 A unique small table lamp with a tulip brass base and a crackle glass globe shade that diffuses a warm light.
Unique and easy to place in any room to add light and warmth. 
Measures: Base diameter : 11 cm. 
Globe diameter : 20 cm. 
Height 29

__________

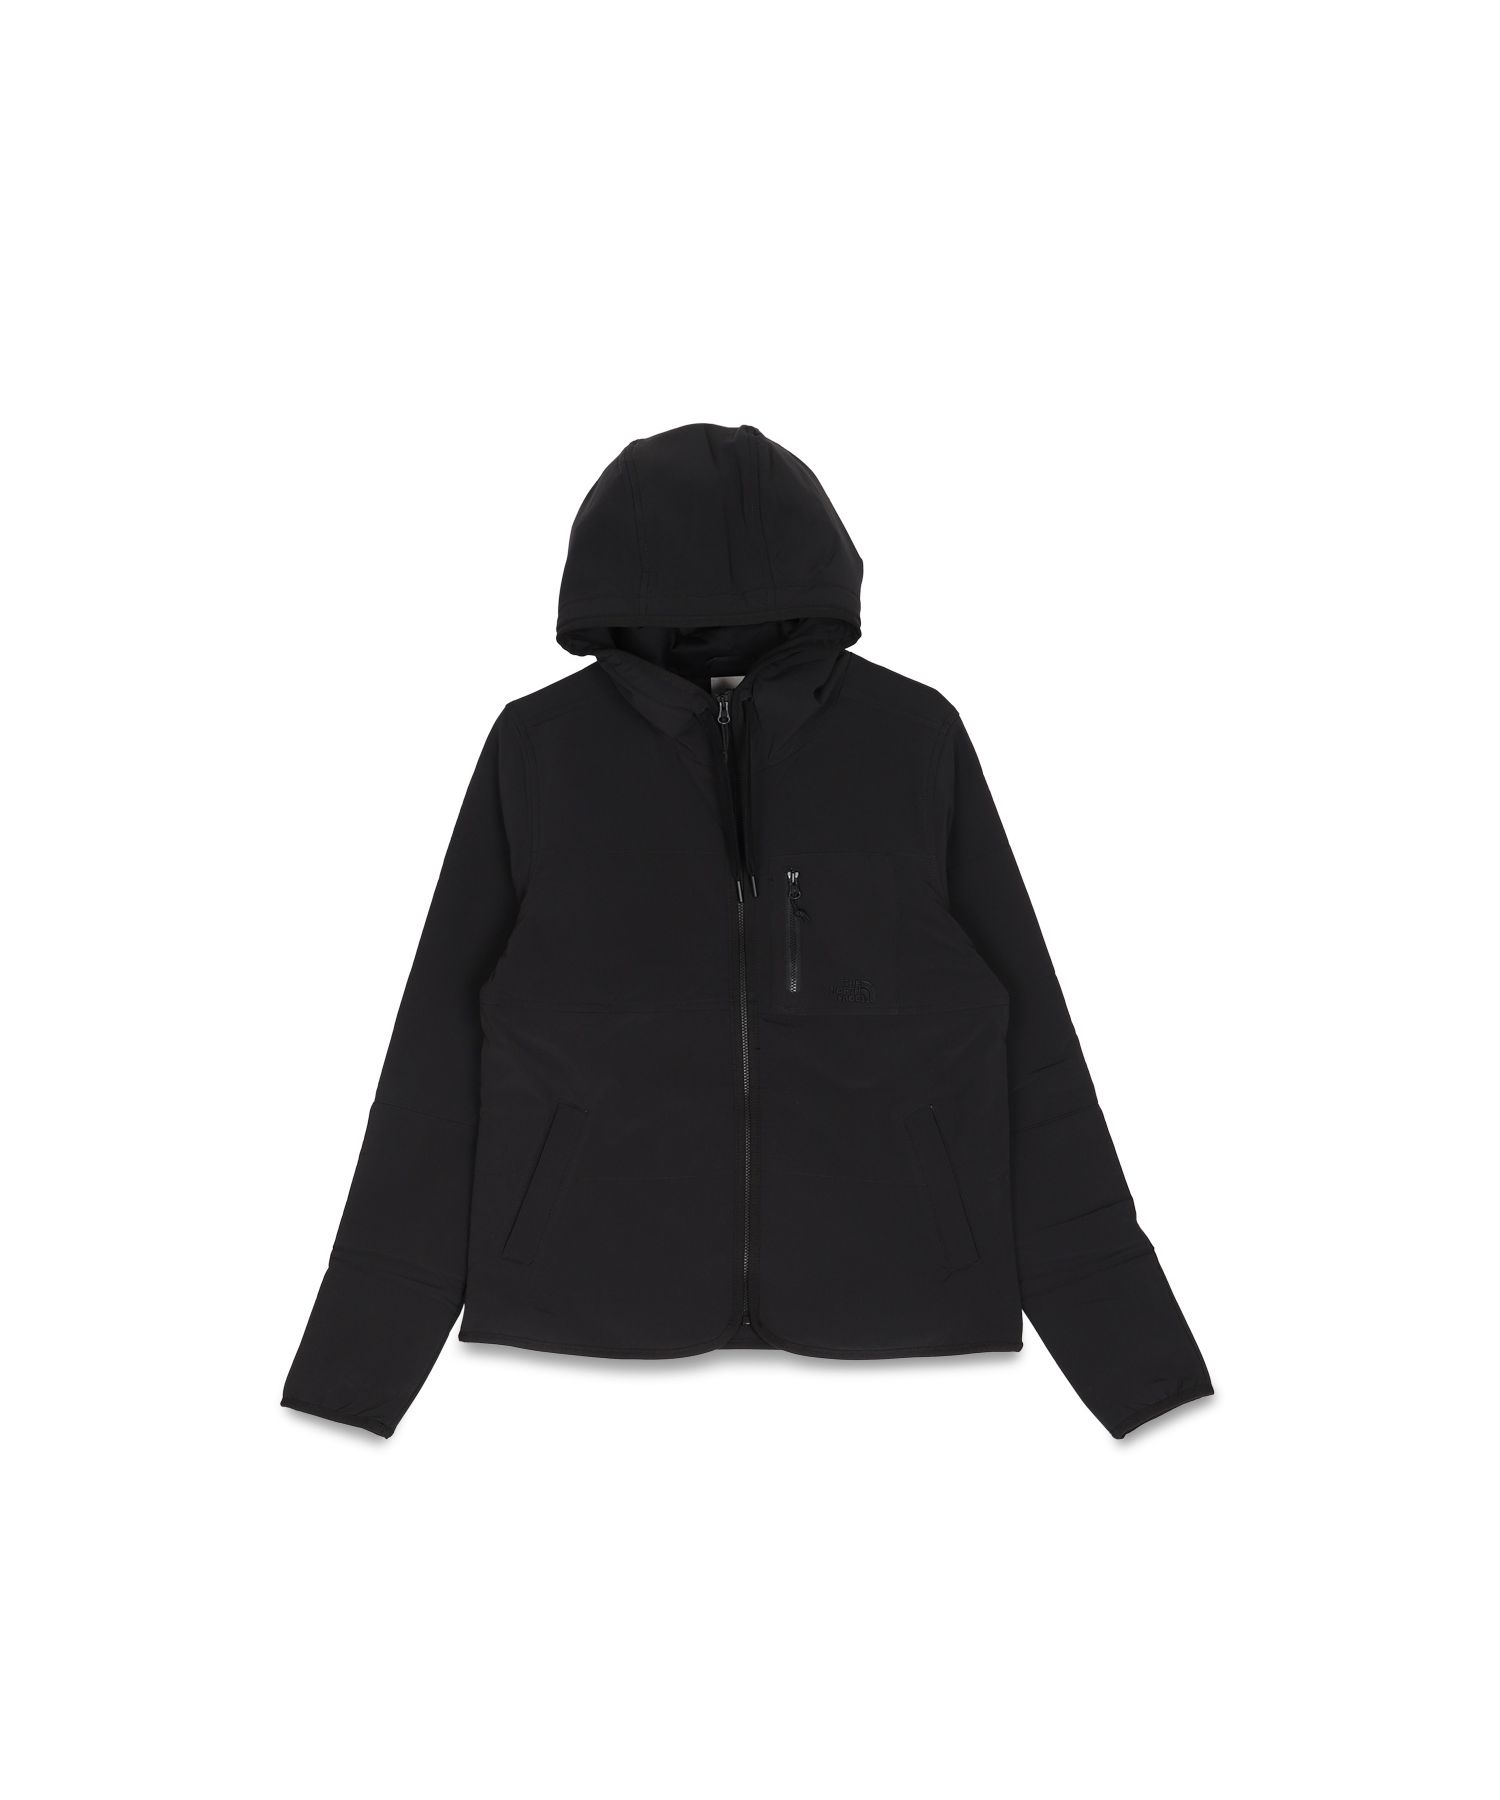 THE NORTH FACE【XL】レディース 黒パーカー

__________

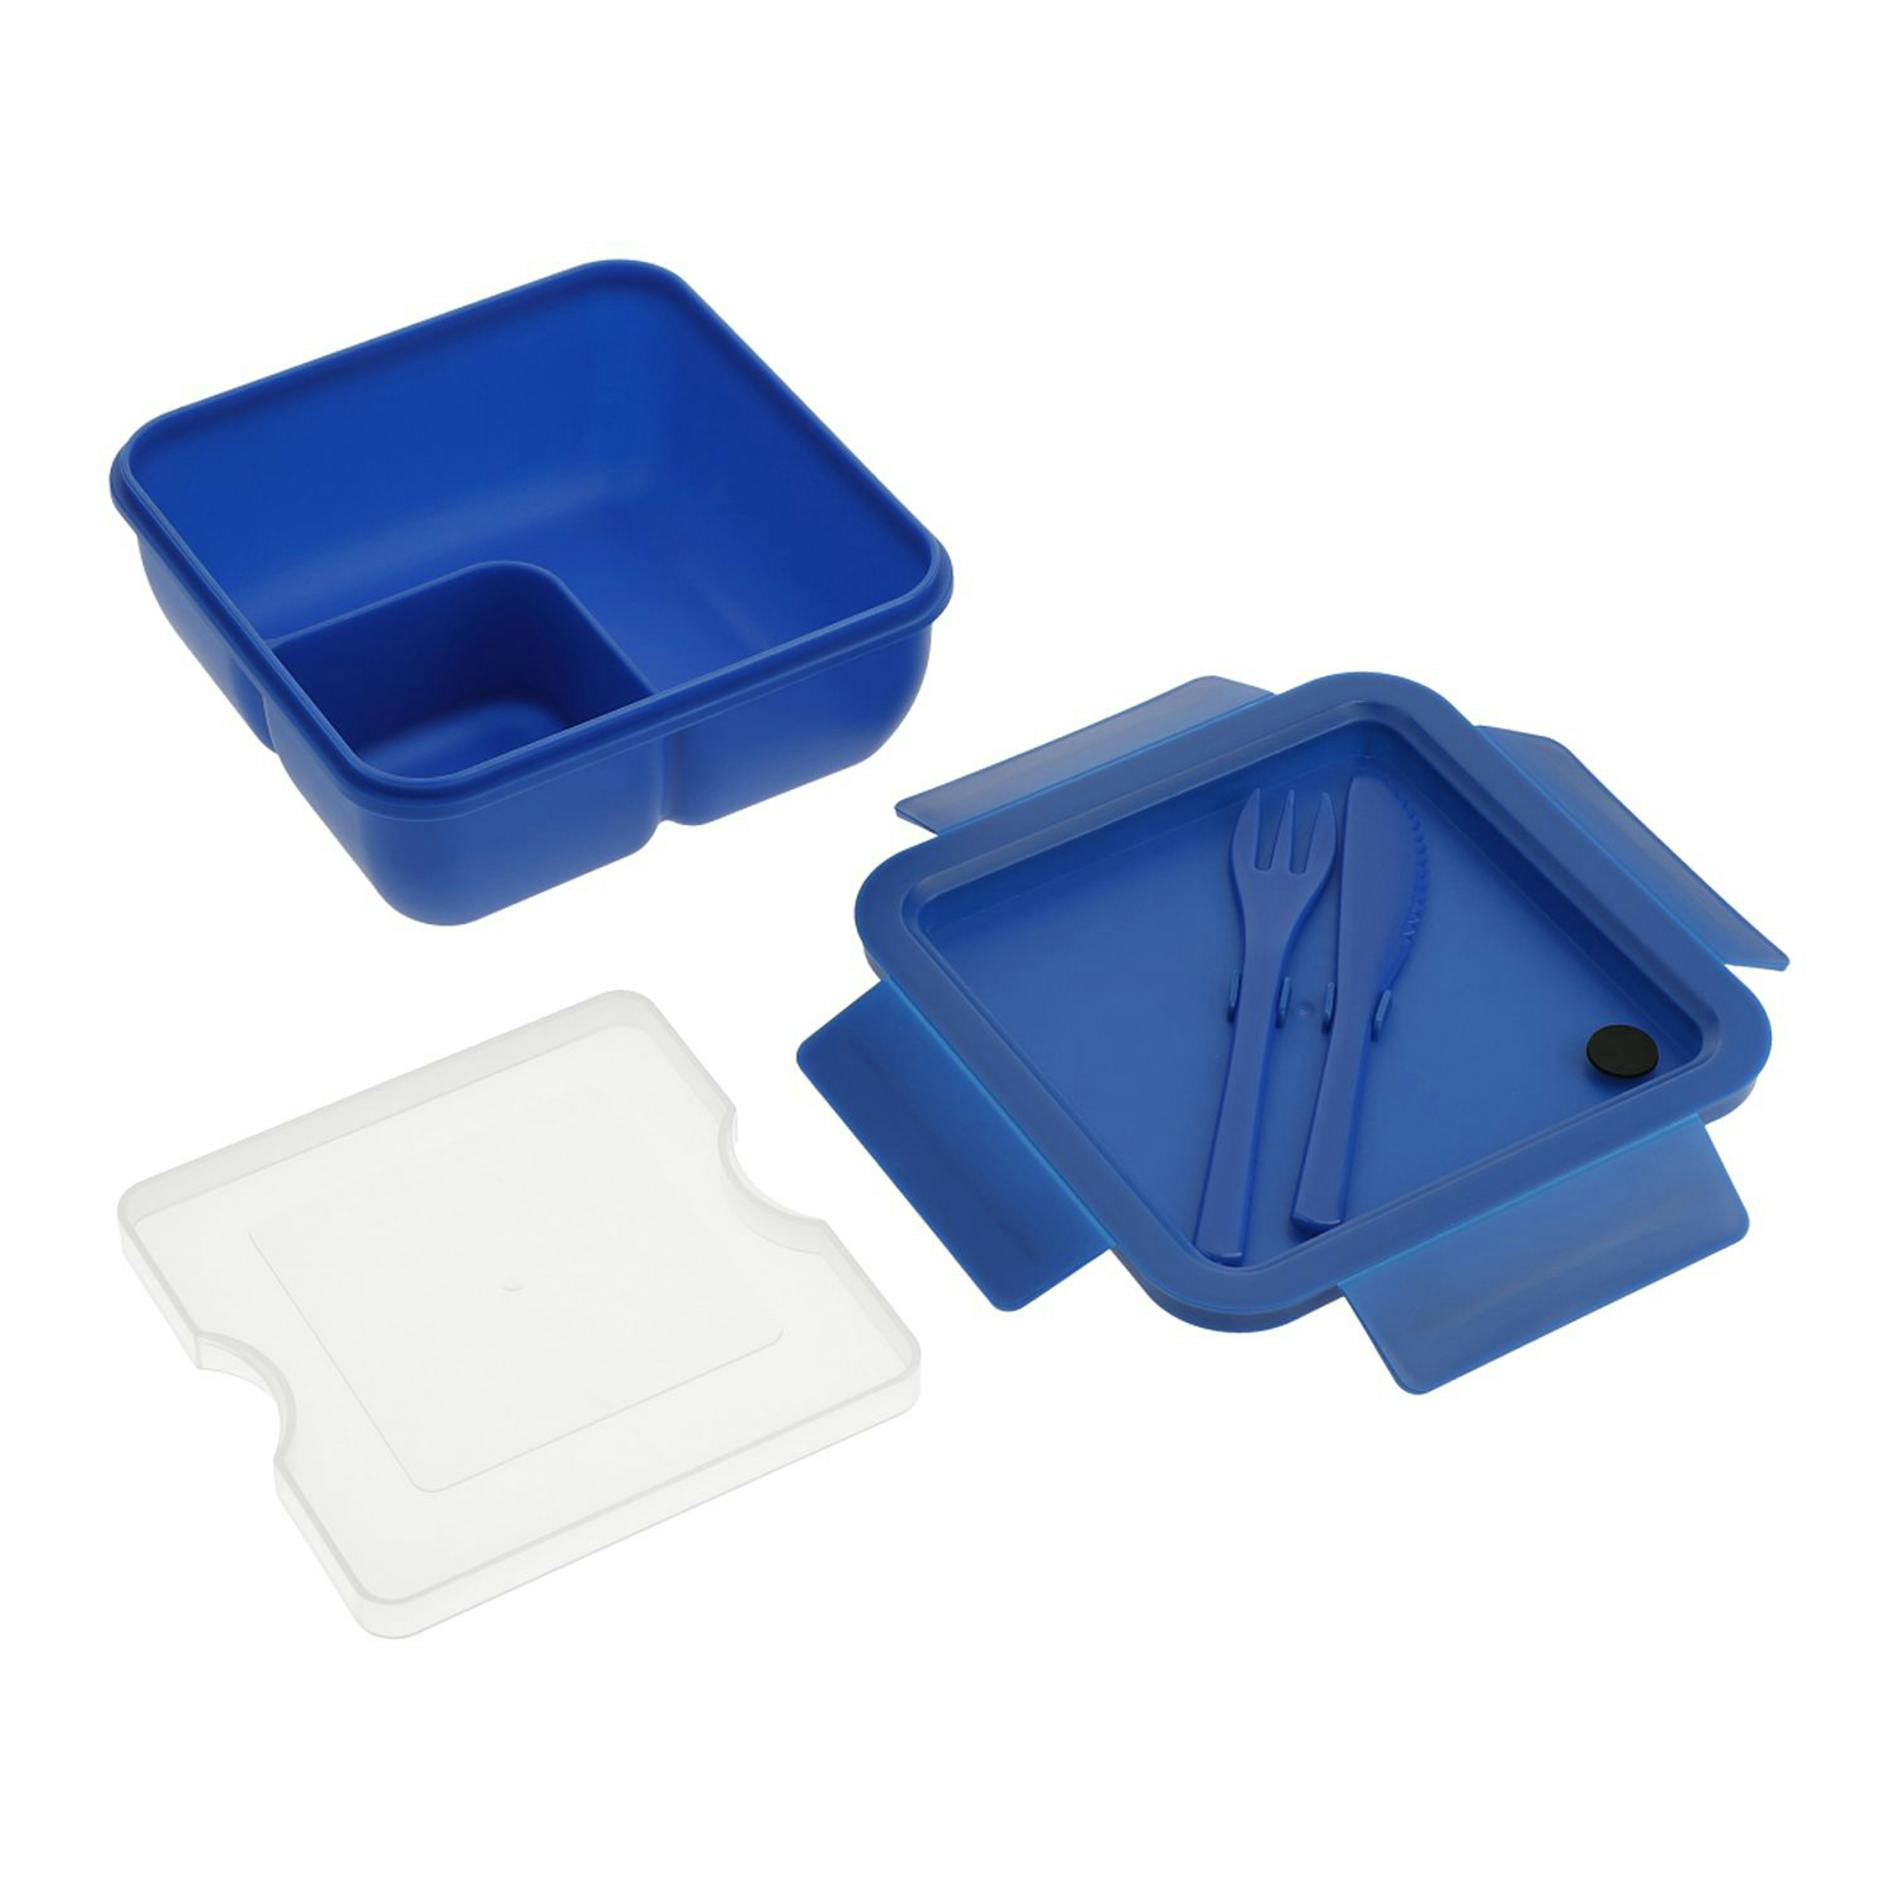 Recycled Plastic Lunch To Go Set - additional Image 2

__________

PROBLEM DETAILS: Gather up, from the records above, each line where the word "light" appears.

EXPECTED ANSWER:
 A unique small table lamp with a tulip brass base and a crackle glass globe shade that diffuses a warm light.
Unique and easy to place in any room to add light and warmth. 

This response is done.